Single by Fleetwood Mac
- B-side: "Lay it All Down"
- Released: 10 November 1971
- Recorded: June–August 1971
- Studio: Advision, London
- Length: 7:23 (full album version) 3:03 (single edit)
- Label: Reprise
- Songwriter: Danny Kirwan

Fleetwood Mac singles chronology
| "Dragonfly" (1971) | "Sands of Time" (1971) | "Sentimental Lady" (1972) |

Audio video
- "Sands of Time" on YouTube

= Sands of Time (song) =

"Sands of Time" is a song written by Danny Kirwan. It was included on Fleetwood Mac's fifth studio album, Future Games, in 1971. The band's record label selected the song to be released as the album's lead single in the United States. Whereas the album version was over seven minutes in duration, the single was pared down to three minutes and backed with "Lay It All Down" as its B-side.

==Background==
The song opens with the establishment of the main guitar riff, which is built around a series of arpeggios that alternate between G major and E minor.
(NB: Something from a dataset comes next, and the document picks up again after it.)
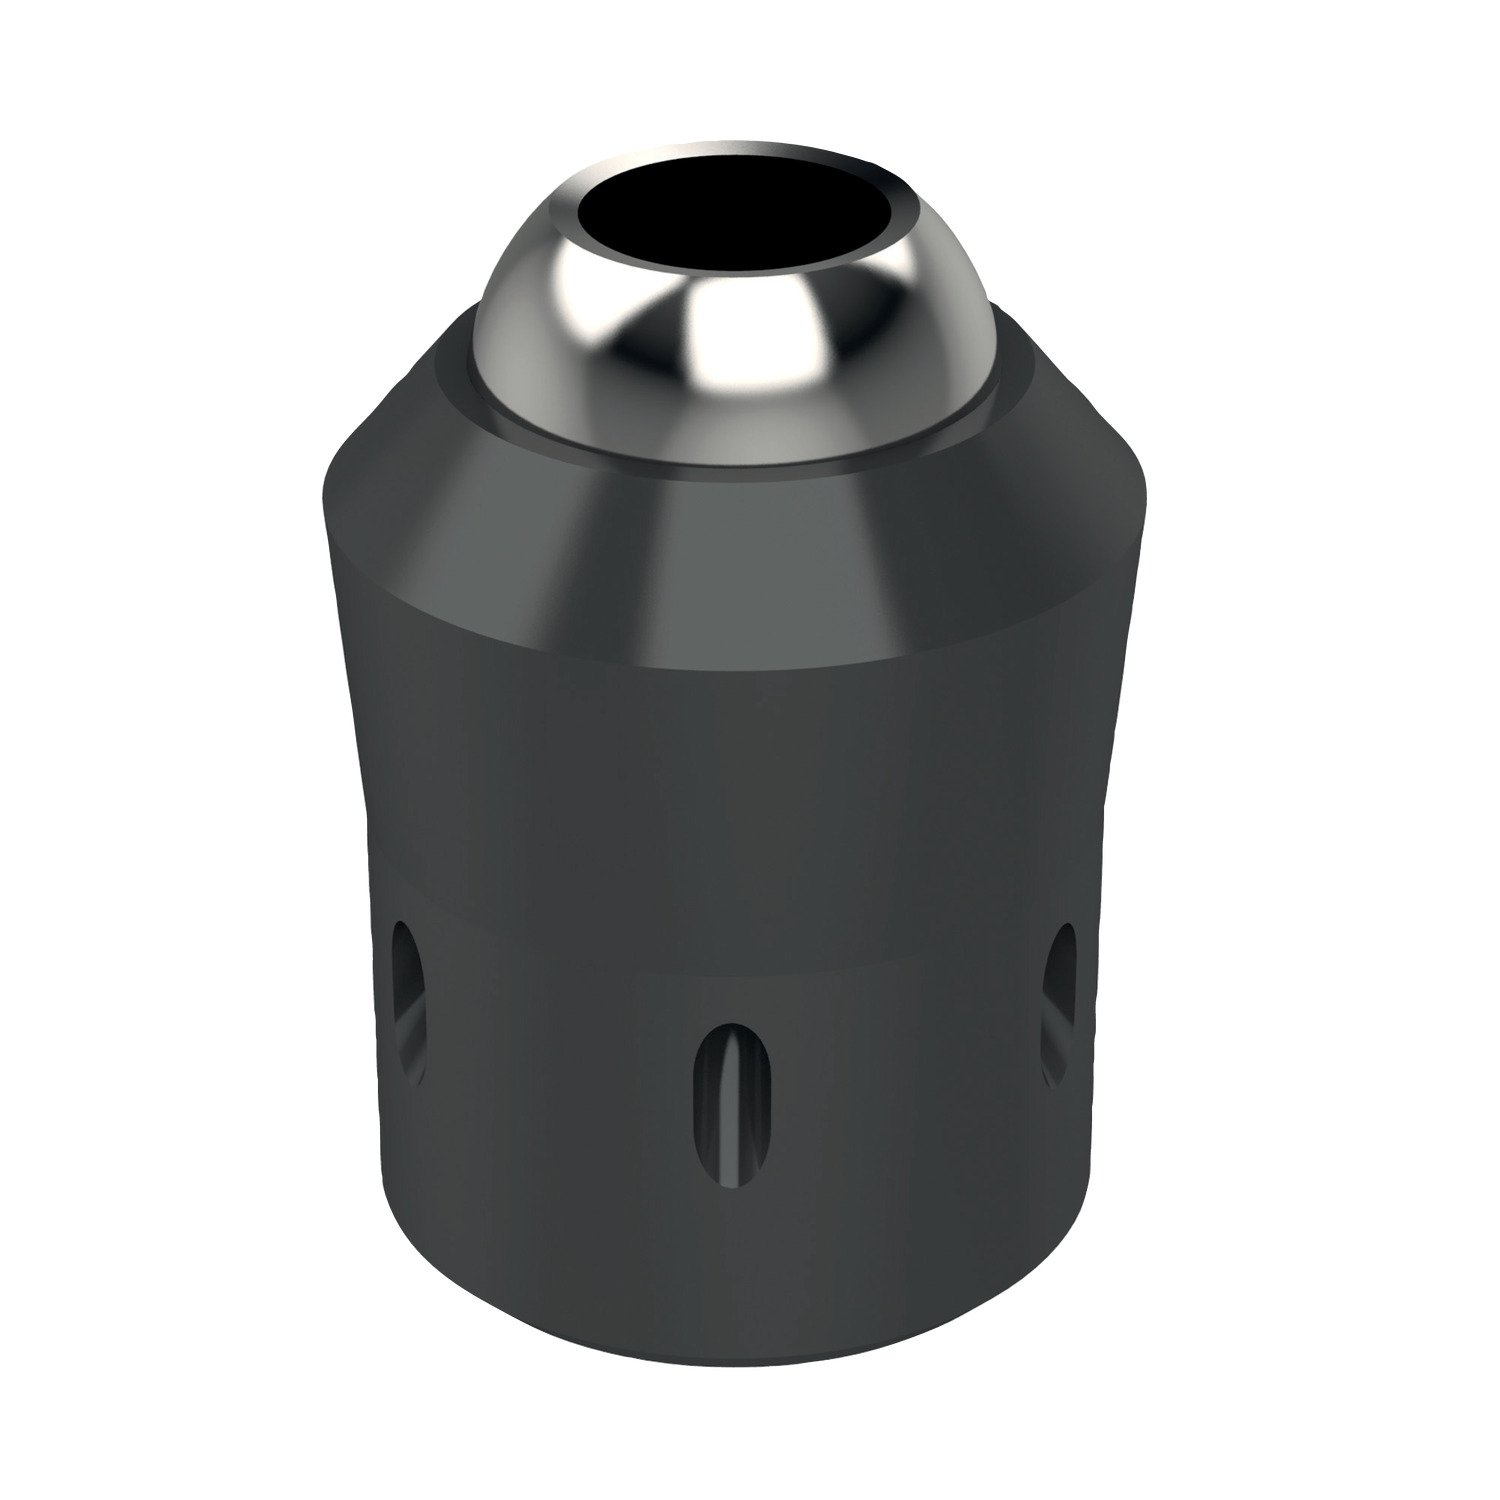 Product 20020, Coolant Nozzles - Plug Jet max. 10 bar /

An additional guitar provides a counterpoint melody and is treated with a slow attack envelope. The song's intro adheres to the conventions of folk-rock music and later transitions into a more upbeat section with jazzier undertones. This faster section is played in a different metre and features cymbal fills played by Mick Fleetwood.

In a 1988 interview, Christine McVie described "Sands of Time" as a complex song that was difficult to record; the band had to run through the song from start to finish without making any mistakes. Following Kirwan's death in 2018, McVie identified "Sands of Time" as a "killer song" along with "Woman of 1000 Years", which was also from the Future Games album.
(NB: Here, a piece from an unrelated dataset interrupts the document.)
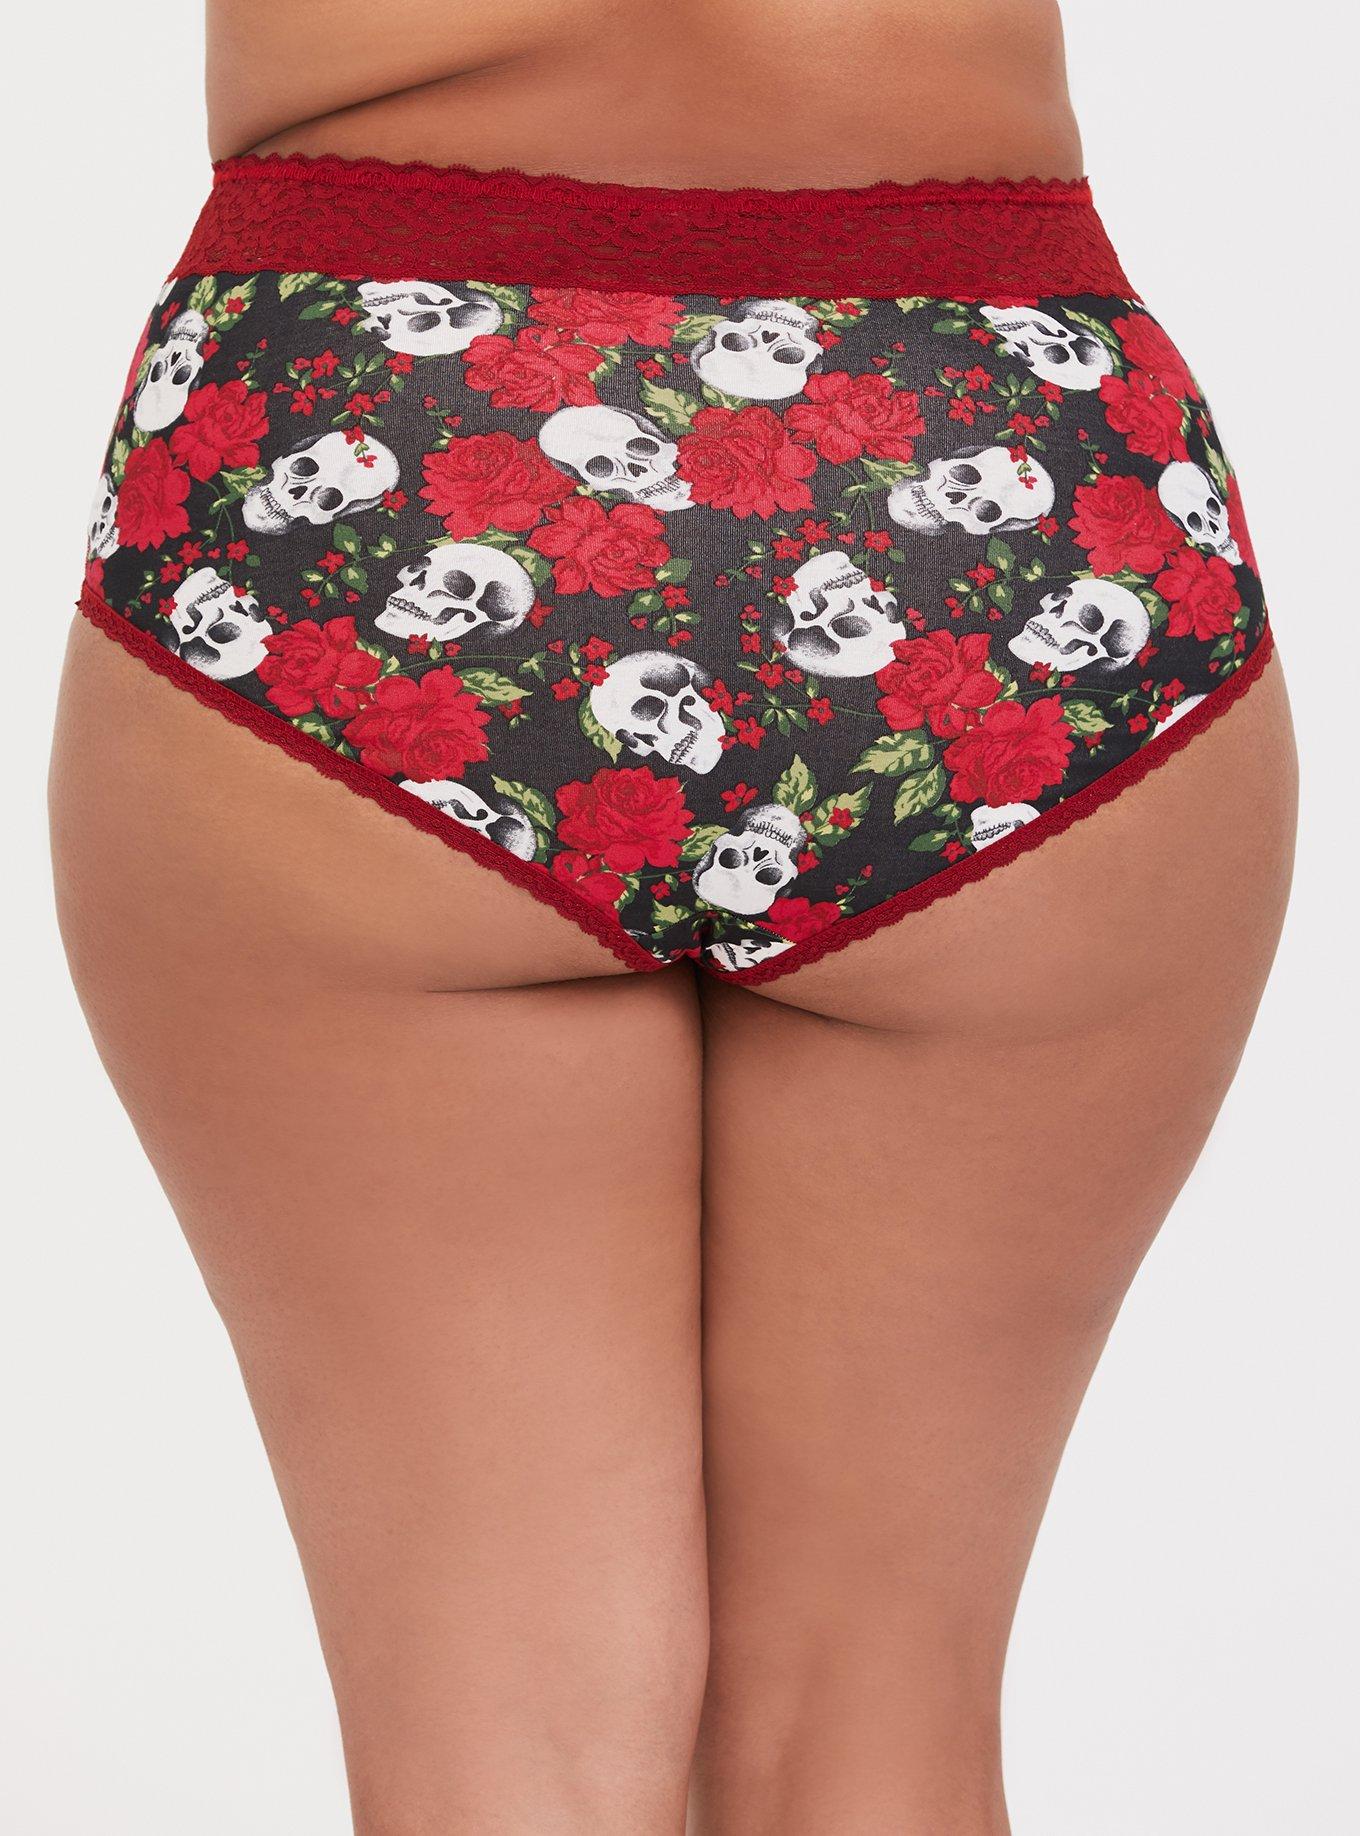 Torrid Cheeky Panties Underwear Floral Wide Lace Skulls Plus Size 6 30

"Sands of Time" has appeared on a few Fleetwood Mac compilation albums, starting with 50 Years – Don't Stop, where it appeared in its single-edit form. The album version and the single edit appeared on the 2020 Fleetwood Mac: 1969 to 1974 box set. In 2024, it was included on the Best of Fleetwood Mac 1969-1974 compilation, which showcased 19 songs from seven Fleetwood Mac albums beginning with Then Play On and ending with Heroes Are Hard to Find.

==Critical reception==
Billboard highlighted "Sands of Time" in its "Special Merit Spotlight" section of the publication and characterised it as "a smooth rock ballad that offers much for top 40, FM and the charts. In their review of Future Games, Joe Tiller of Dig! said that the "introspective" lyrics on "Sands of Time" demonstrated that Kirwan was "a more sophisticated lyricist than he's given credit for, especially considering his age at the time."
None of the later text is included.